Fernando Paes de Campos defendeu ainda que a melhoria das condições prisionais e ampliação das atividades laborais seja compreendida também como uma questão de segurança pública.
Segundo ele, oferecer trabalho e oportunidade a quem está no sistema prisional significa criar alternativas concretas para que essas pessoas possam reconstruir suas vidas e não sejam novamente atraídas pelo crime organizado.
“Ela pode ser o futuro trabalhador ou pode ser o futuro faccionado. Nós temos que escolher. Nós é que vamos escolher. A sociedade é que vai escolher”, enfatizou.
Durante o lançamento, o público também ouviu a história de Giovane Malheiro, egresso do sistema prisional que encontrou no trabalho uma oportunidade para reconstruir sua trajetória.
Condenado em 2024 a sete anos de prisão por tráfico de drogas, Giovane começou a trabalhar ainda no sistema fechado. A atividade laboral contribuiu para a remição de sua pena e possibilitou a progressão para o regime semiaberto.
Foi nessa etapa que ele teve contato com uma empresa do Grupo Pereira. Segundo Giovane, o acolhimento recebido foi determinante para que voltasse a acreditar na possibilidade de construir uma nova história.
Ele começou em 2025 como conferente e, posteriormente, foi efetivado pela empresa. No início deste ano, recebeu uma nova promoção. “Quem precisa ressocializar precisa ter uma ocupação. Precisa de pessoas acreditando nele”, afirmou.
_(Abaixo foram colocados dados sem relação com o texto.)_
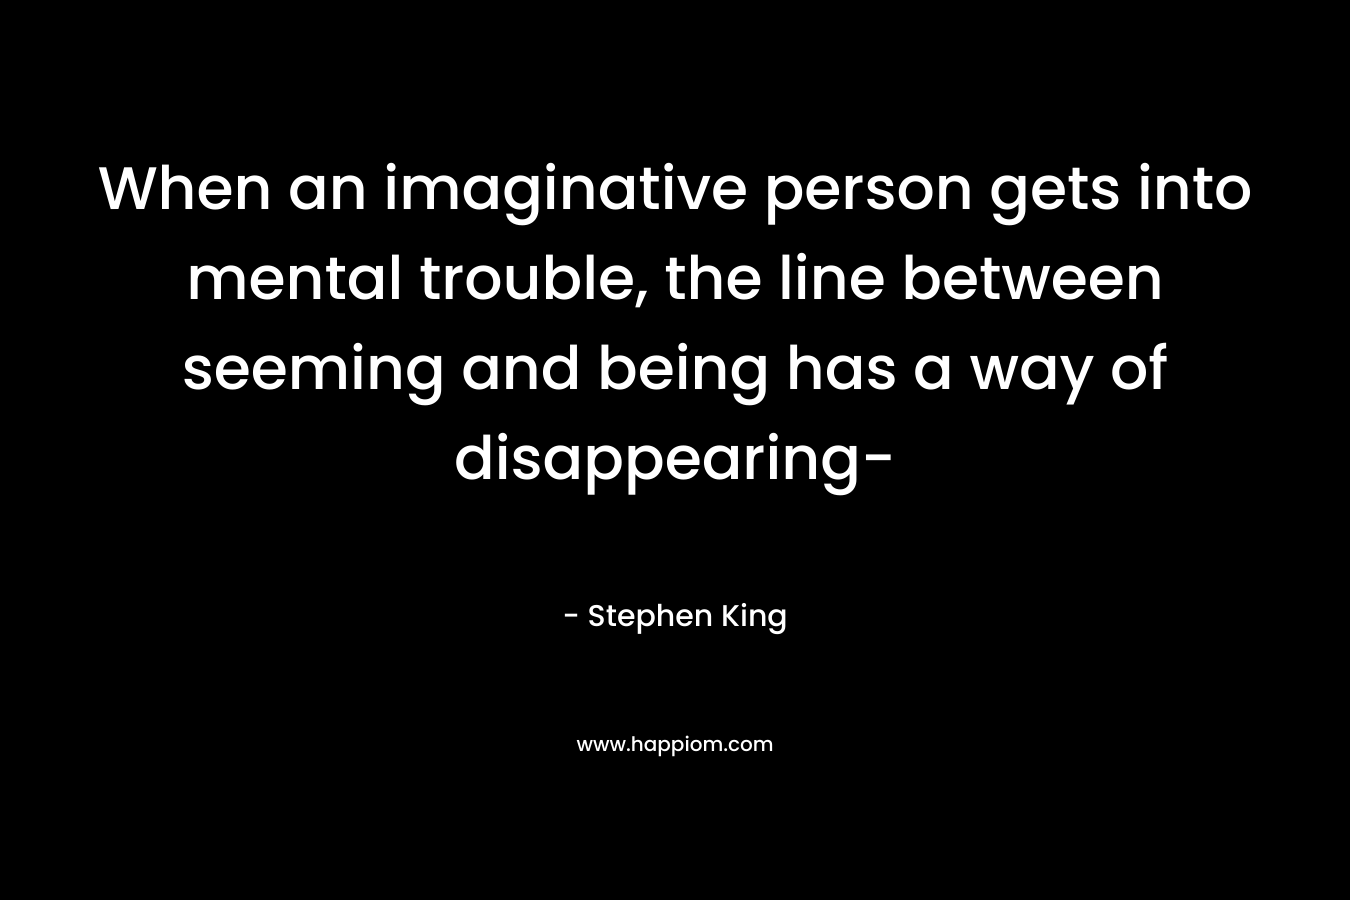 When an imaginative person gets into mental trouble, the line between seeming and being has a way of disappearing- – Stephen King

Giovane destacou que, durante sua trajetória profissional, não se sentiu tratado como alguém diferente por ter passado pelo sistema prisional. “Eu era visto como um colaborador normal, como qualquer outro”, relatou.
Para ele, essa experiência foi fundamental para recuperar a confiança, adquirir novas habilidades e construir uma carreira.
Representando o Conselho Nacional de Justiça (CNJ), a juíza auxiliar do Departamento de Monitoramento e Fiscalização do Sistema Carcerário e do Sistema de Execução de Medidas Socioeducativas, Solange de Borba Reimberg, fez uma reflexão sobre o papel de todos os envolvidos no sistema prisional.
A magistrada lembrou que muitas pessoas deixam o sistema prisional sem apoio familiar, documentos ou perspectivas e que, diante da ausência de oportunidades, acabam vulneráveis à atuação das facções criminosas. “Trabalho dá pertencimento. Ele traz dignidade”.
No período da tarde, a programação avançou para além da solenidade. A juíza auxiliar do CNJ Solange de Borba Reimberg, a juíza do trabalho Daniela Rocha Rodrigues Peruca, o juiz da 1ª Vara de Execução Penal do Interior, Luiz Felipe Medeiros Vieira, a juíza auxiliar da Presidência do Tribunal Superior do Trabalho Izabella Ramos Pinto, a juíza auxiliar do DMF/CNJ Andréa da Silva Brito, o procurador do trabalho do MPT-PR o Heiler Ivens de Souza Natali, o diretor do GMF, Eduardo Silva Mattos, e outros integrantes do grupo conheceram o trabalho desenvolvido pelas mulheres privadas de liberdade do Estabelecimento Penal Feminino Irmã Irma Zorzi, em Campo Grande.
Durante a visita, foram apresentados trabalhos e atividades desenvolvidos pelas internas, entre eles artesanato, serviços de salão de beleza, confecção de roupas para pets e fabricação de absorventes.
A visita também destacou a proposta central do Emprega Lab: transformar unidades prisionais em espaços cada vez mais voltados à educação, qualificação e produção, ampliando as possibilidades para que o retorno à sociedade seja acompanhado de oportunidades reais.
Em Mato Grosso do Sul, o Emprega Lab começa com uma rede de instituições disposta a transformar essa ideia em prática — e com histórias como a de Giovane mostrando que, quando existe oportunidade, a ressocialização pode deixar de ser apenas uma promessa e se tornar uma nova trajetória de vida.